'American Idol' adds fourth judge
Continuing to make good on its promise to shake up "American Idol" next season, Fox announced Monday that songwriter/music producer Kara DioGuardi has joined the reality hit as a fourth judge.
"We are turning the heat up on 'Idol' this year and are thrilled to welcome Kara to the judges' table," creator/executive producer Simon Fuller said. "She is a smart, sassy lady, and one of America's most successful songwriters. We know she will bring a new level of energy and excitement to the show."
On a conference call with reporters Monday, DioGuardi said she will look for "artistry not just karaoke" when judging "Idol" contestants.
"What makes an artist is somebody who's unique, when their song comes on radio I know exactly who it is," she says. "It's not about vocal acrobatics."
Fox and "Idol" producers have promised to shake up "Idol" for its upcoming eighth season after this year's slight ratings decrease. Earlier this month, longtime executive producer Nigel Lythgoe exited the show.
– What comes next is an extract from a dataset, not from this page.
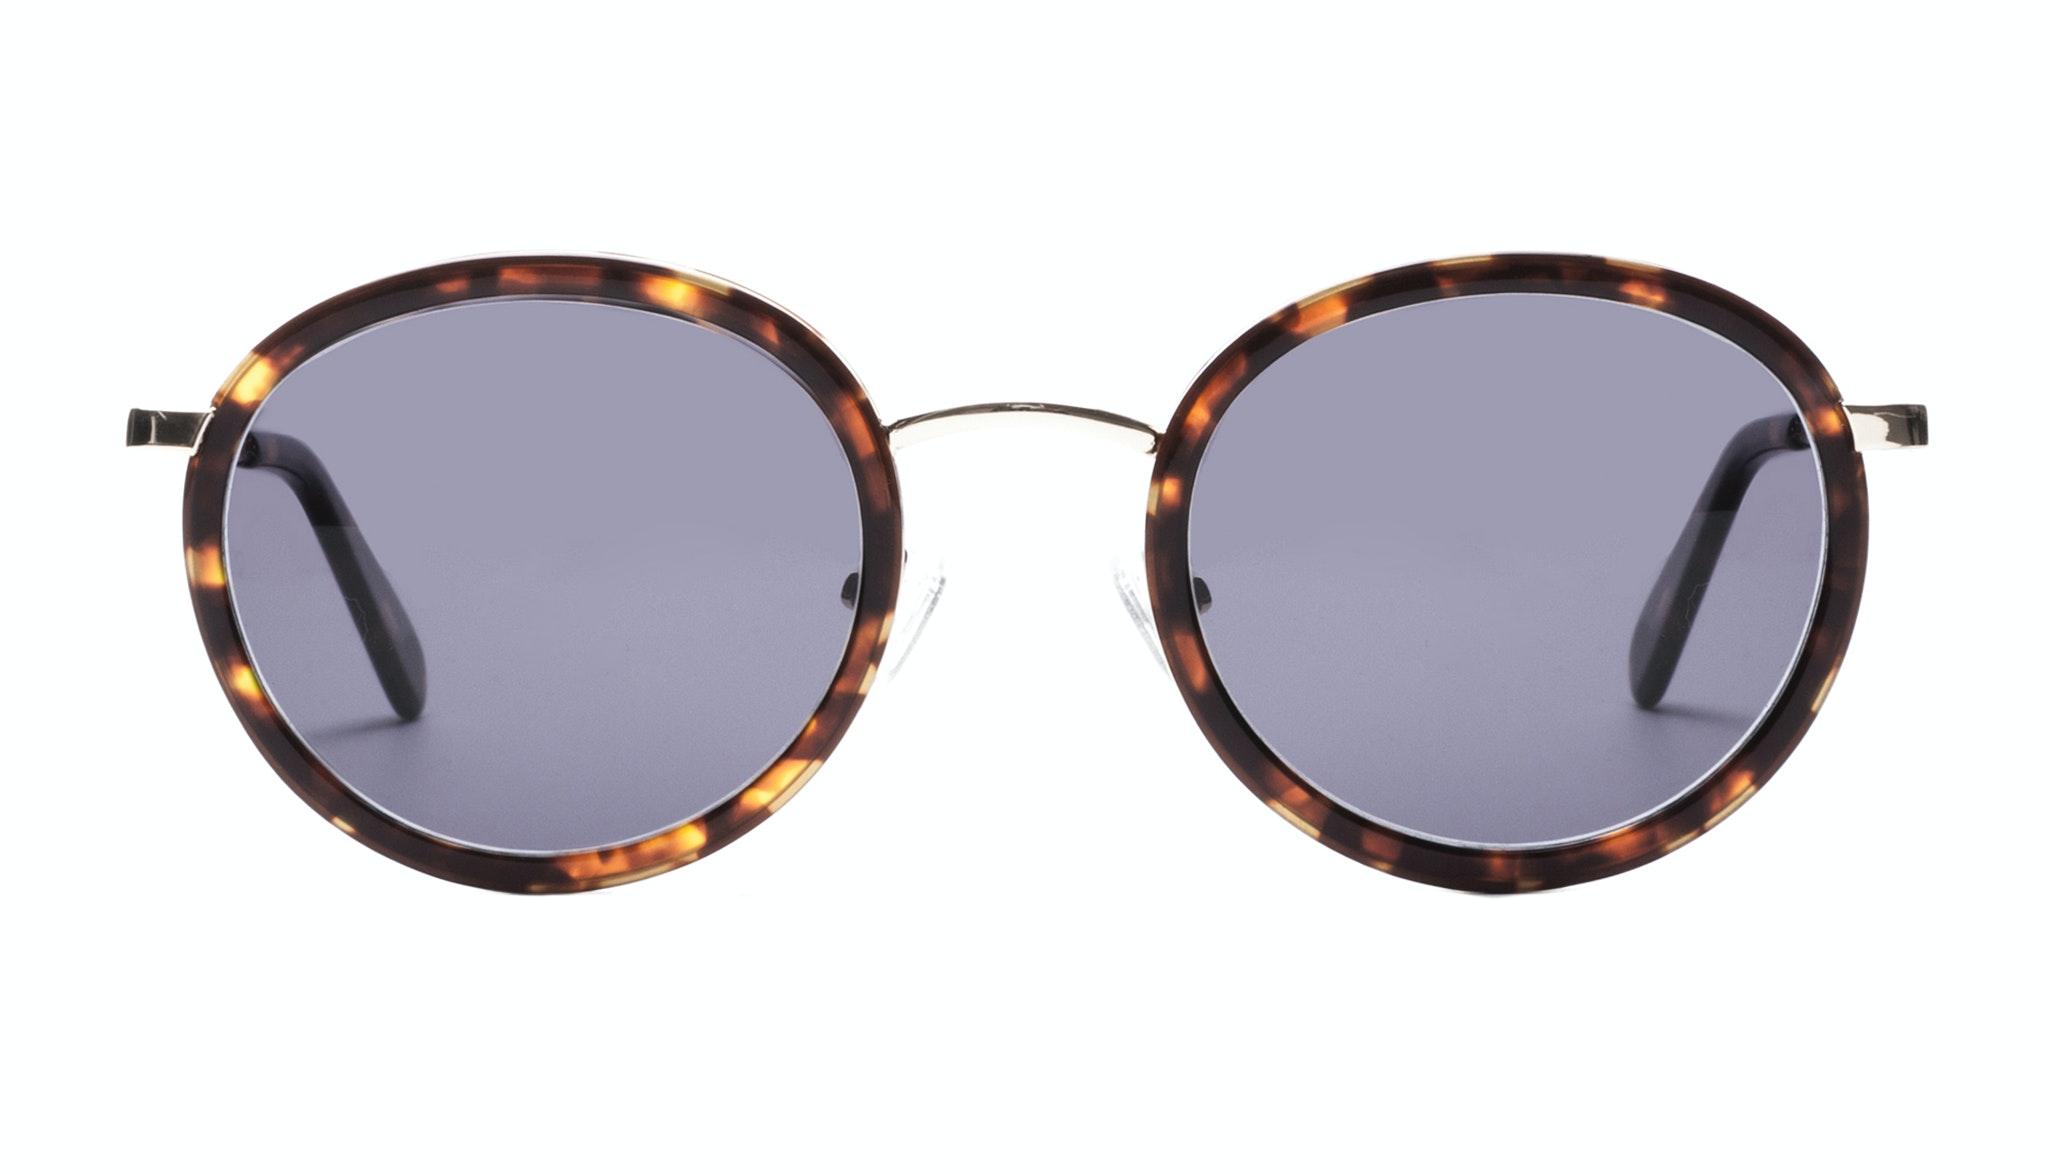 Affordable Fashion Glasses Round Sunglasses Women Strike Gold Sepia

Fox has assured that any changes would not involve removing one of three original judges. But adding a fourth judge to a format that's been successful with only three allows Fox to potentially make cuts should DioGuardi prove popular. Abdul was quoted Monday as being "concerned" about the hire. DioGuardi told reporters Abdul's comment was understandable -- "she's just pondering what could or could not happen like anybody would."
"For the past seven seasons, Paula has had to endure the experience of being the only woman at the judges' table," said Fox president of alternative Mike Darnell. "With Kara by her side, Paula finally has some backup and now there is going to be a lot more girl power on the show."
The Grammy-nominated DioGuardi has composed songs for Kelly Clarkson, Christina Aguilera, Gwen Stefani, Celine Dion, Faith Hill, Carrie Underwood, Santana and Pink, and has worked with teen artists such as the Jonas Brothers and Hillary Duff. With the "Idol" median age increasing every season, she potentially brings a more teen-market perspective to the judge's table.
Executive producer Cecile Frot-Coutaz noted that producers originally intended for the show to have four judges, a format adopted by the show's U.K. forebear "Pop Idol."